For the fourth-order method I recommend that you check out my answer to a similar question on Stack Overflow and also Section 4 in the following paper (see also the discussion below):

Yoshida, H. (1990). Construction of higher order symplectic integrators. Physics Letters A, 150(5–7), 262–268. http://doi.org/10.1016/0375-9601(90)90092-3

Let $a = L_1$ and $b = L_2$. The analysis of this type of schemes is done using the Baker-Campbell-Hausdorff (BCH) formula, which tells us that the expression for $c$ in \begin{equation} \exp\{t a\} \exp\{t b\} = \exp\{t c\}, \end{equation} is given in terms of Lie brackets involving $a$ and $b$ (recall that $[a, b] = ab - ba$): \begin{equation} c = a + b + \frac{t}{2} \left[a, b\right] + \frac{t^2}{12} \left( \left[a, \left[a, b\right]\right] + \left[b, \left[b, a\right]\right] \right) + \frac{t^3}{24} \left[a, \left[b, \left[b, a\right]\right]\right] + \dotsb \end{equation} The BCH formula for the particular case of the Strang splitting is given by \begin{equation} \exp\left\{\tfrac{t}{2} a\right\} \exp\left\{t b\right\} \exp\left\{\tfrac{t}{2} a\right\} = \exp\left\{t c_1 + t^3 c_3 + t^5 c_5 + \dotsb \right\}, \end{equation} where \begin{align*} c_1 &= a + b, \\ c_3 &= -\frac{1}{24} \left[a, \left[a, b\right]\right] + \frac{1}{12} \left[b, \left[b, a\right]\right], \\ &\dotsb \end{align*} In general, $c_3$ does not vanish and this implies that the scheme is second order. In order to construct higher order methods, one can choose a splitting such that the appropriate terms in the BCH formula vanish (the paper by Yoshida cited above discusses this in depth).

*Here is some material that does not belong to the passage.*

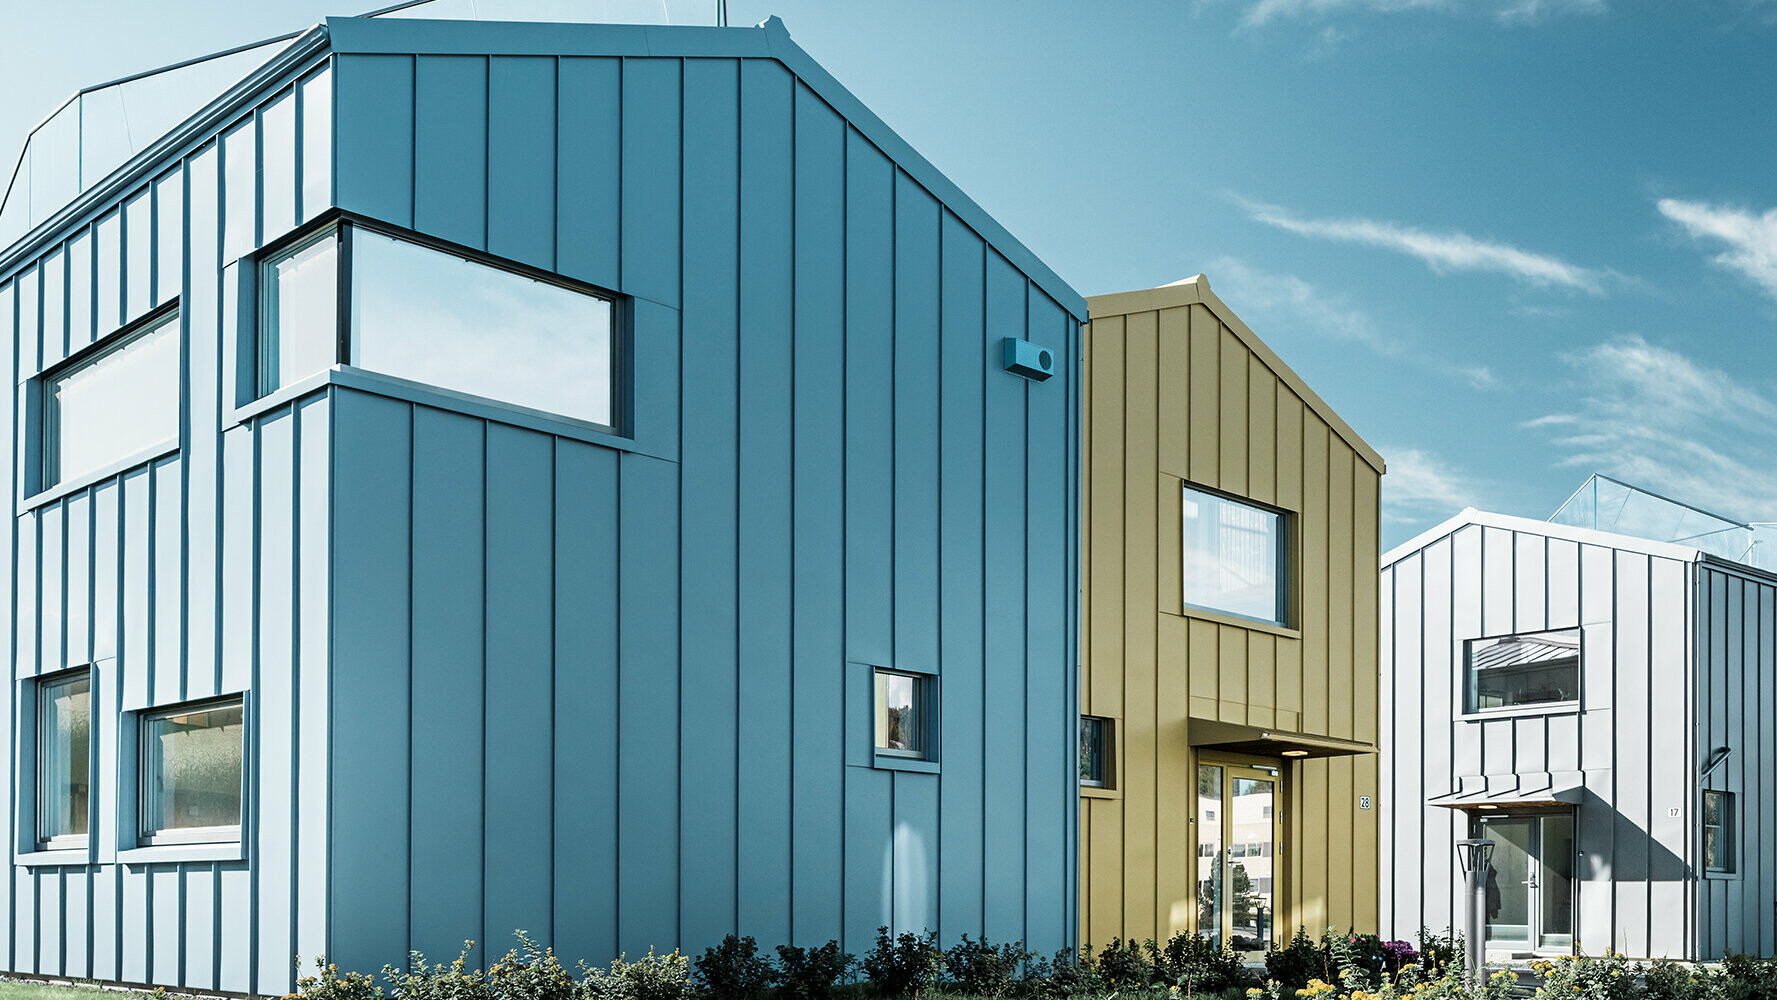 Des maisons individuelles au sein d'un lotissement aux toitures et façades colorés en aluminium

Particular choices of $a$ and $b$ will yield symplectic methods but from the discussion above we see that the order of the scheme does not necessarily have to do with it being symplectic.

Additional useful references are:

Hairer, E., Lubich, C., & Wanner, G. (2010). Geometric numerical integration (Vol. 31). book, Springer, Heidelberg.

and

Leimkuhler, B., & Reich, S. (2004). Simulating Hamiltonian dynamics (Vol. 14). book, Cambridge University Press, Cambridge.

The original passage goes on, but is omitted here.